#### Source material
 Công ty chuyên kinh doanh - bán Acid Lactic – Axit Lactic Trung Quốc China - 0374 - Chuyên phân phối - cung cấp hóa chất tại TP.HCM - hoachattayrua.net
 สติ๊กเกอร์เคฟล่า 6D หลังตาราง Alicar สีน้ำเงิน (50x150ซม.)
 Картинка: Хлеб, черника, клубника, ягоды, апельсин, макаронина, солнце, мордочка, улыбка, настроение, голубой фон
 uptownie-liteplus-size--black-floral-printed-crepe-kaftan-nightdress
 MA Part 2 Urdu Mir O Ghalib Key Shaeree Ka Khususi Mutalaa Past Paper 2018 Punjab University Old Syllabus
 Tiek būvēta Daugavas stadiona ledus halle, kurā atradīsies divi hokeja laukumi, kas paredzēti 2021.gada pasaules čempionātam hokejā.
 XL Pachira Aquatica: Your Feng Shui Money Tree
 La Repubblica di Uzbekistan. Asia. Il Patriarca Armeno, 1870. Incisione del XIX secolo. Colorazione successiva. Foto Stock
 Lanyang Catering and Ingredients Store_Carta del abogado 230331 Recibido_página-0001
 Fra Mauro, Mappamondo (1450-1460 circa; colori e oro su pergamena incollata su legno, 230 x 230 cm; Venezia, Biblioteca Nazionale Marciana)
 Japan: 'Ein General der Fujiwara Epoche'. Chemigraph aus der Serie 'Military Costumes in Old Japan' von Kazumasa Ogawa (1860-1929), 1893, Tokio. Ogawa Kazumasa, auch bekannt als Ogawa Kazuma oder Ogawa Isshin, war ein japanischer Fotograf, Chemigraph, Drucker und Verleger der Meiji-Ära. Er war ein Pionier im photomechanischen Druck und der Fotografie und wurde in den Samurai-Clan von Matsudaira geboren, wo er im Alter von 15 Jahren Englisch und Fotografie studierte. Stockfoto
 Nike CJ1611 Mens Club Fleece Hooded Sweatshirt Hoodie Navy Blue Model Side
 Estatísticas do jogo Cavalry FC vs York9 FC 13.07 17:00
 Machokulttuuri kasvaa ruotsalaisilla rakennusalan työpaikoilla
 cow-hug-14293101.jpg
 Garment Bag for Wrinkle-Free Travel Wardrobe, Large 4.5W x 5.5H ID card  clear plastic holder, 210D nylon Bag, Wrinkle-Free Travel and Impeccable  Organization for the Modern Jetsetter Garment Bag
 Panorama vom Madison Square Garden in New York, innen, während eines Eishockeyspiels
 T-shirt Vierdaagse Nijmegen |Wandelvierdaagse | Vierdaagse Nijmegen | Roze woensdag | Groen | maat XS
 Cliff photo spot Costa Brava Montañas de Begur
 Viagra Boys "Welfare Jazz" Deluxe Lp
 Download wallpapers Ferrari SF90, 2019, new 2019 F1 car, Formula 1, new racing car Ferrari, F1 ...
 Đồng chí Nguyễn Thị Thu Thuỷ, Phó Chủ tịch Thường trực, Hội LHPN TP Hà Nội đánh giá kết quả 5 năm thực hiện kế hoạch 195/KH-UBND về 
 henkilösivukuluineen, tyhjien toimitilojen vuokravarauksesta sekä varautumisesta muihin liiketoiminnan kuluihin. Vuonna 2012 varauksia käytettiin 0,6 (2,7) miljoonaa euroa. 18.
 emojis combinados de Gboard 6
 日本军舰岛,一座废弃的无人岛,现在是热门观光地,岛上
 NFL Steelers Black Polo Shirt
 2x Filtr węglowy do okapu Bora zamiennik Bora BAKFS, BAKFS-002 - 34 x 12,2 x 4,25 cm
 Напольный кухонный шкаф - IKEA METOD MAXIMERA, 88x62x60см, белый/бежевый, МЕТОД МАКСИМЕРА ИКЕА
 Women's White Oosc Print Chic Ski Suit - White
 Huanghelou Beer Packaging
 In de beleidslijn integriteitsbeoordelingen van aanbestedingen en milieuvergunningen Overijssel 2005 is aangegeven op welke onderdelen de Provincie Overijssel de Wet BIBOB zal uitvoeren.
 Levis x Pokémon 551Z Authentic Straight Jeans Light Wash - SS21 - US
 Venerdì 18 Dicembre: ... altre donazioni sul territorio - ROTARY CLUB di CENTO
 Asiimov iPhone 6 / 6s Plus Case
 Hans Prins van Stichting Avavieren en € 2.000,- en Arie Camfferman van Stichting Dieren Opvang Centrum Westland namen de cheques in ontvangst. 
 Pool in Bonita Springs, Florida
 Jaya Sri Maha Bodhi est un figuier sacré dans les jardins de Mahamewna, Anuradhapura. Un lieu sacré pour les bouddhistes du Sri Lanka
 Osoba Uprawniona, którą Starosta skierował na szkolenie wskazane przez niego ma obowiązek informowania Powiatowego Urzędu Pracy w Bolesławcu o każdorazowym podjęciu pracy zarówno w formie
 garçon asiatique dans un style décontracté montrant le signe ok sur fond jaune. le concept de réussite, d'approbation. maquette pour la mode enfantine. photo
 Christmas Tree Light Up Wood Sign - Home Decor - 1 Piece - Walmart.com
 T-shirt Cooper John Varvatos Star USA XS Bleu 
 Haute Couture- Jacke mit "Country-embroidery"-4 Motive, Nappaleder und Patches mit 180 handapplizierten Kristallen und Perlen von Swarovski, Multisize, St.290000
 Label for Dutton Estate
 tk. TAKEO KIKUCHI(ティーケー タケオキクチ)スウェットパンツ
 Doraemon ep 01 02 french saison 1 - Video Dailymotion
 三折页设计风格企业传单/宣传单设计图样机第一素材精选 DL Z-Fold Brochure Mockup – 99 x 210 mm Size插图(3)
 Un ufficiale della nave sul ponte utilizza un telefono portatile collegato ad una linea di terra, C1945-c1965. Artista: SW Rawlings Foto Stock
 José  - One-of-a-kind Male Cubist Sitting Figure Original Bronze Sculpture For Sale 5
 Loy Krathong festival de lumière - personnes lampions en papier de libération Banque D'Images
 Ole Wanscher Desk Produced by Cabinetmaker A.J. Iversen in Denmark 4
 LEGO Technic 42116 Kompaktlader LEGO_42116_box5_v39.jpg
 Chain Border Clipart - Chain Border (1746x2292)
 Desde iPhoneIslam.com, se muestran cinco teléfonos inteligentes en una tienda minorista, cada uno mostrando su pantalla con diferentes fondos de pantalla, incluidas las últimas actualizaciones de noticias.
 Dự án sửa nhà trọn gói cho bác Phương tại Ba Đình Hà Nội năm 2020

#### Description of the task
Write out exactly the lines of the entries above that run from the line containing "Label for Dutton Estate" through the last line, including both.

#### Answer area
 Label for Dutton Estate
 tk. TAKEO KIKUCHI(ティーケー タケオキクチ)スウェットパンツ
 Doraemon ep 01 02 french saison 1 - Video Dailymotion
 三折页设计风格企业传单/宣传单设计图样机第一素材精选 DL Z-Fold Brochure Mockup – 99 x 210 mm Size插图(3)
 Un ufficiale della nave sul ponte utilizza un telefono portatile collegato ad una linea di terra, C1945-c1965. Artista: SW Rawlings Foto Stock
 José  - One-of-a-kind Male Cubist Sitting Figure Original Bronze Sculpture For Sale 5
 Loy Krathong festival de lumière - personnes lampions en papier de libération Banque D'Images
 Ole Wanscher Desk Produced by Cabinetmaker A.J. Iversen in Denmark 4
 LEGO Technic 42116 Kompaktlader LEGO_42116_box5_v39.jpg
 Chain Border Clipart - Chain Border (1746x2292)
 Desde iPhoneIslam.com, se muestran cinco teléfonos inteligentes en una tienda minorista, cada uno mostrando su pantalla con diferentes fondos de pantalla, incluidas las últimas actualizaciones de noticias.
 Dự án sửa nhà trọn gói cho bác Phương tại Ba Đình Hà Nội năm 2020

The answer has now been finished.